Meet the Four Undergraduate Finalists….
Jayona Benson-Strickland is majoring in Psychology at the University of Pittsburgh. Eventually, she would like to become a psychiatrist and start a mental health clinic serving black and underserved communities. Personal and family experiences first opened Benson-Strickland’s eyes to the stigma of mental illness and the treatment disparities that often affect African Americans. She has witnessed firsthand how economic and cultural factors can be obstacles to receiving care. Benson-Strickland hopes to be part of the solution by making treatment more accessible and “connecting patients with psychiatrists and therapists of their own race, whom they will be more likely to relate to and trust.”
Lauren Caudill, an aspiring psychiatric nurse practitioner, may be pursuing a Bachelor’s degree in Psychology at Salisbury College but does not meet the typical profile of an undergraduate. The firefighter and emergency medical technician is on the frontlines of the opioid and mental health epidemic and has treated people in many traumatic situations, whether collisions, domestic abuse, fires, or shootings. These experiences, as well as a life-changing family event that was the impetus to become a firefighter and EMT, have awakened Caudill to the importance of mental health needs among first responders and the general population.
Matthew McVay is attending Cincinnati State University to earn a nursing degree, while also working full-time to provide for his daughter.
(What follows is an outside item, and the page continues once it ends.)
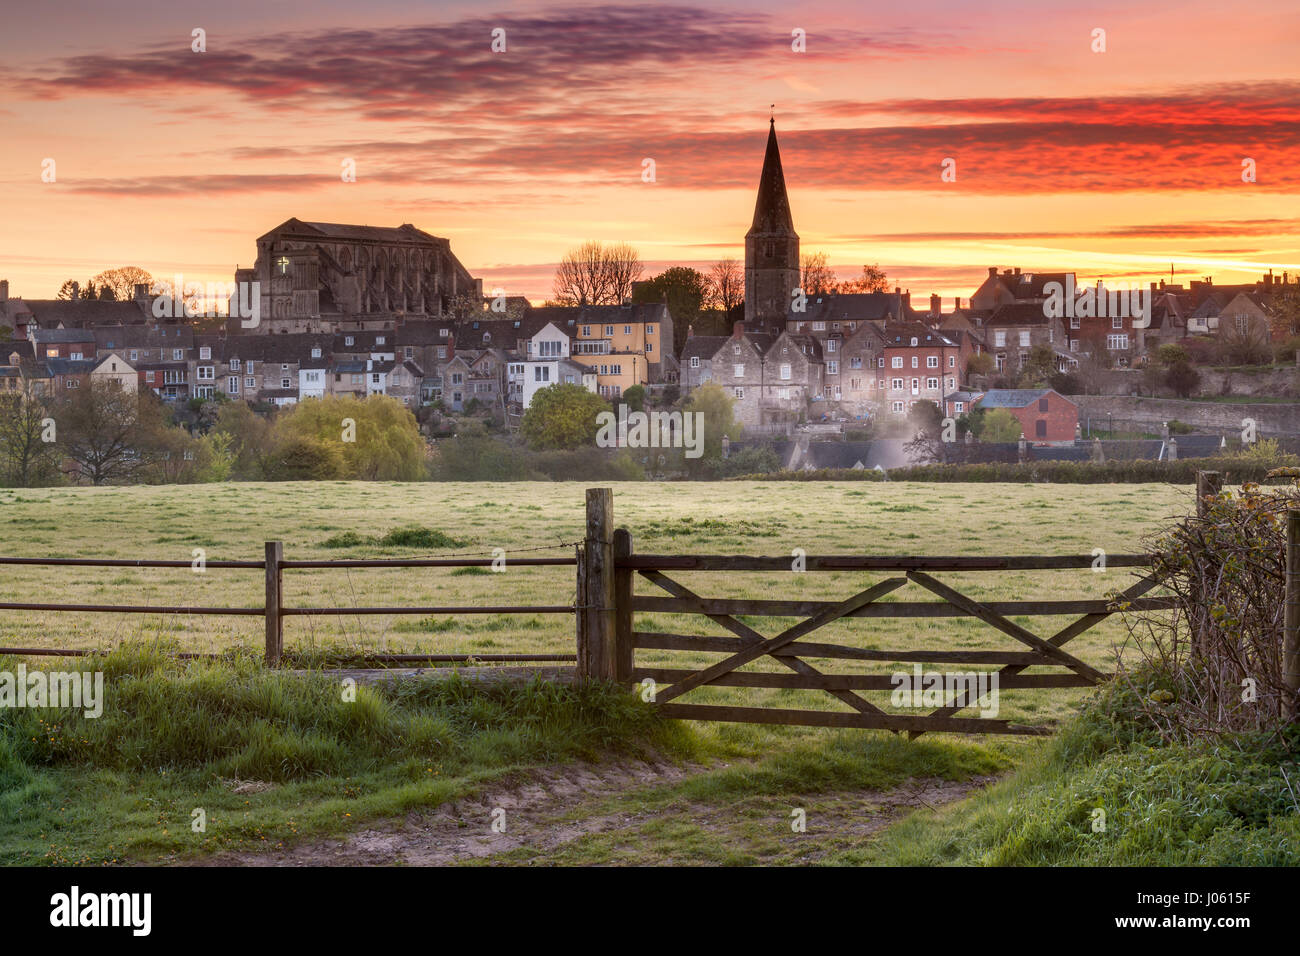 UK Weather - The overnight groundfrost melts away as the sun rises over the Wiltshire hillside town of Malmesbury, Wiltshire, in April Stock Photo

His passion for nursing and for helping people with addiction and mental health struggles stems from his own personal journey and from having been helped by nurses in various ways. For more than five years, McVay has been going to local alcohol and drug detox facilities on a weekly basis to educate people in early recovery about what to expect in withdrawal and to encourage them to stay sober. McVay is a member of the Phi Theta Kappa Honors Society and earned a 4.0 last semester.
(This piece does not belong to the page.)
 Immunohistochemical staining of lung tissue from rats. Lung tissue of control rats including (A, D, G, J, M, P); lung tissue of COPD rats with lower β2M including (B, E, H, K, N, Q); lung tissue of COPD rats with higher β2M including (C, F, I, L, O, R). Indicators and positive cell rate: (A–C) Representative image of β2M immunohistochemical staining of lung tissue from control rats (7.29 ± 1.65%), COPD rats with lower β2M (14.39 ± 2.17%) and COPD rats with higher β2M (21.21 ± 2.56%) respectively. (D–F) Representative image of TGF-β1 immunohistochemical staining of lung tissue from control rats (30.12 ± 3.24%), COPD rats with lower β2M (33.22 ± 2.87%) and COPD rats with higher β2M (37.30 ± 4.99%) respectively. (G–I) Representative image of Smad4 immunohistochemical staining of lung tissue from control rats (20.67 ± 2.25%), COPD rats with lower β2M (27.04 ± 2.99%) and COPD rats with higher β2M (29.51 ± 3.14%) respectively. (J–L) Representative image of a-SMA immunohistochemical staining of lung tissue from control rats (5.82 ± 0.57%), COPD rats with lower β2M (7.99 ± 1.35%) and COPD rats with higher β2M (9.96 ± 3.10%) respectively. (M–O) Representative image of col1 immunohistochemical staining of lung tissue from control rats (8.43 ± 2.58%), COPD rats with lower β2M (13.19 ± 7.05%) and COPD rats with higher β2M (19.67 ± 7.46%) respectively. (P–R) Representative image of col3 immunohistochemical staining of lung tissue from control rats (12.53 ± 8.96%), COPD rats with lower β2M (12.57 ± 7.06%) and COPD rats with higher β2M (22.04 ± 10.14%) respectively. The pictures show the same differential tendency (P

Tamera Miller is earning a Bachelor’s in Psychology at the University of Washington Tacoma and after that plans to pursue a Master’s in Social Work. At 30, the non-traditional student has endured and overcome more adversity than most people can even imagine. Miller grew up in a troubled home, where addiction, mental illness and poverty were a constant source of stress, uncertainty, trauma and setbacks. With a lot of hard work and grit, Miller recovered. Today she views her life purpose as helping adults and children who have experienced childhood adversity. Her dream is to open a women’s halfway house named after her mother. “The Mary-Beth House” will help women who have experienced trauma learn how to thrive. Miller will be the first person in her family to graduate from college.
Each of these finalists has their own remarkable story, aspirations and valuable contributions to share with the world. Let’s give them a shoutout of support and appreciation!